* Provided records

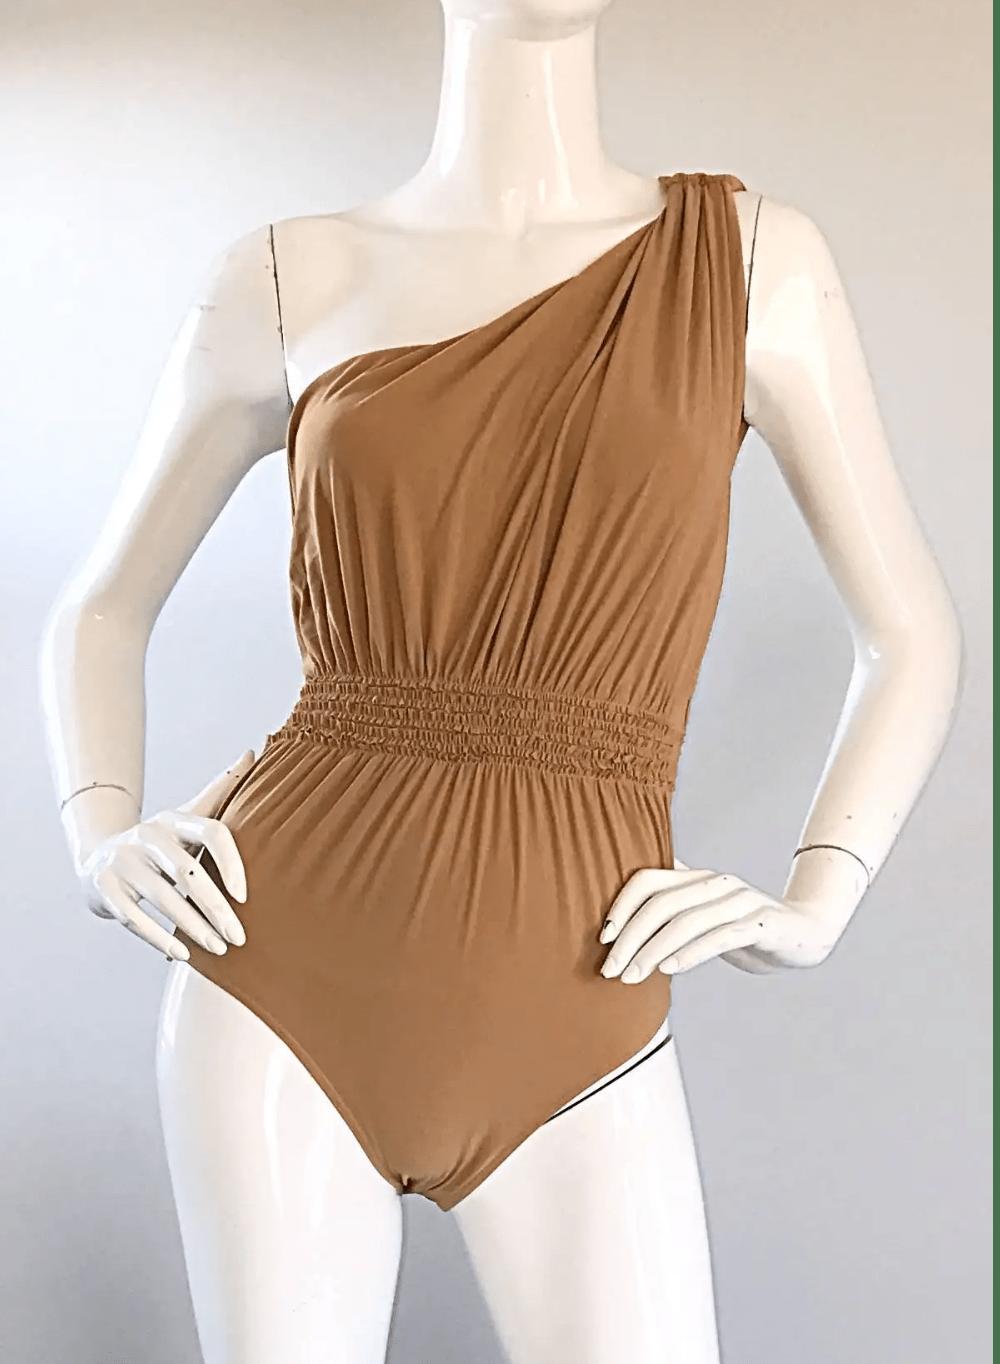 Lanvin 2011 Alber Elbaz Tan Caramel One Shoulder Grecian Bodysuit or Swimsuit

==

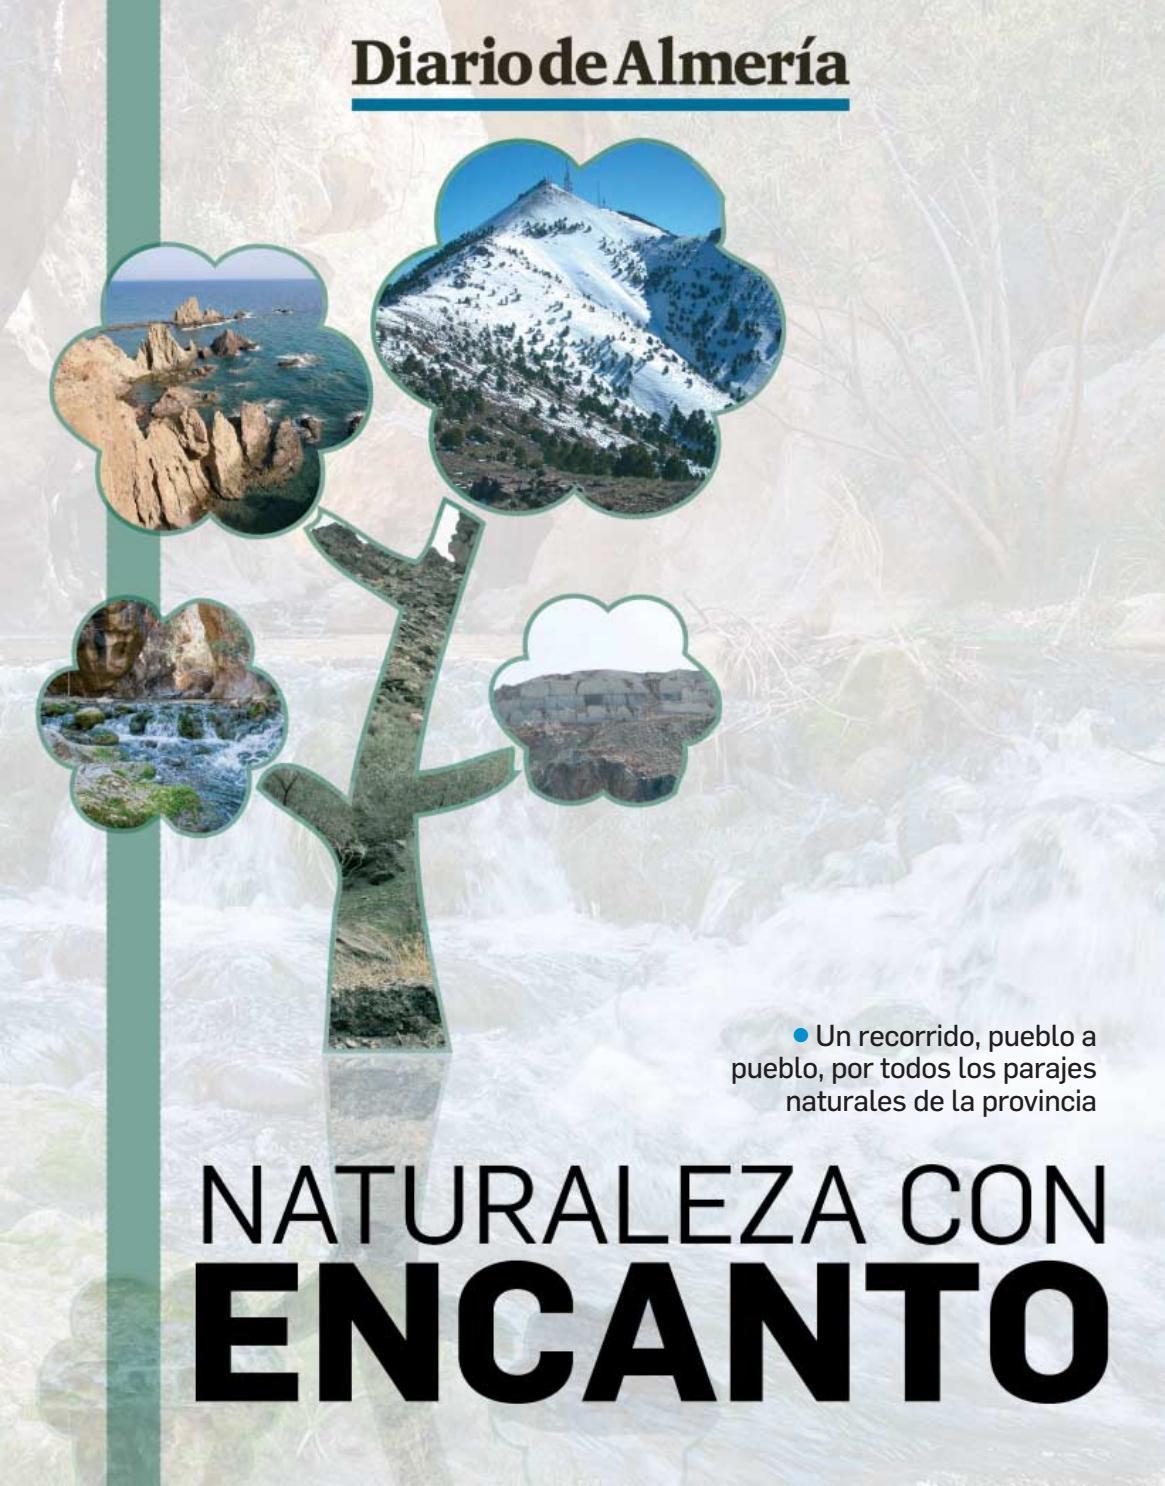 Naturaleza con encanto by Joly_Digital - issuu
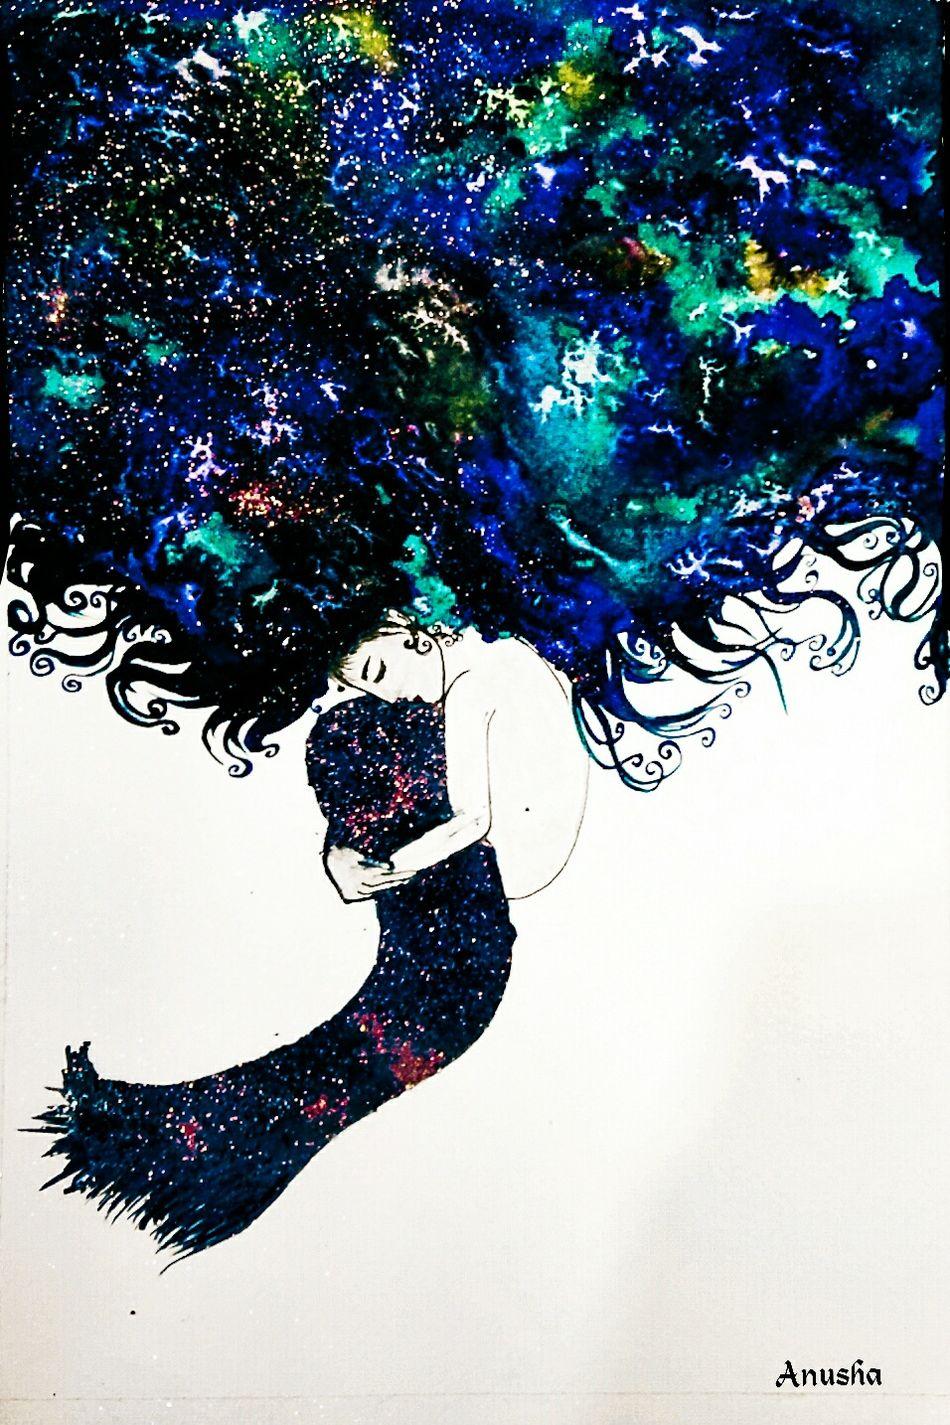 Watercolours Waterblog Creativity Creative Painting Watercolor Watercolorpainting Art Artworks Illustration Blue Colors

* What you are asked to do
Look above for the line holding "Naturaleza con encanto" and output everything from it down to the line holding "Watercolours Waterblog Creativity", both ends included, exactly and without images.

* Completed task
 Naturaleza con encanto by Joly_Digital - issuu
 Watercolours Waterblog Creativity Creative Painting Watercolor Watercolorpainting Art Artworks Illustration Blue Colors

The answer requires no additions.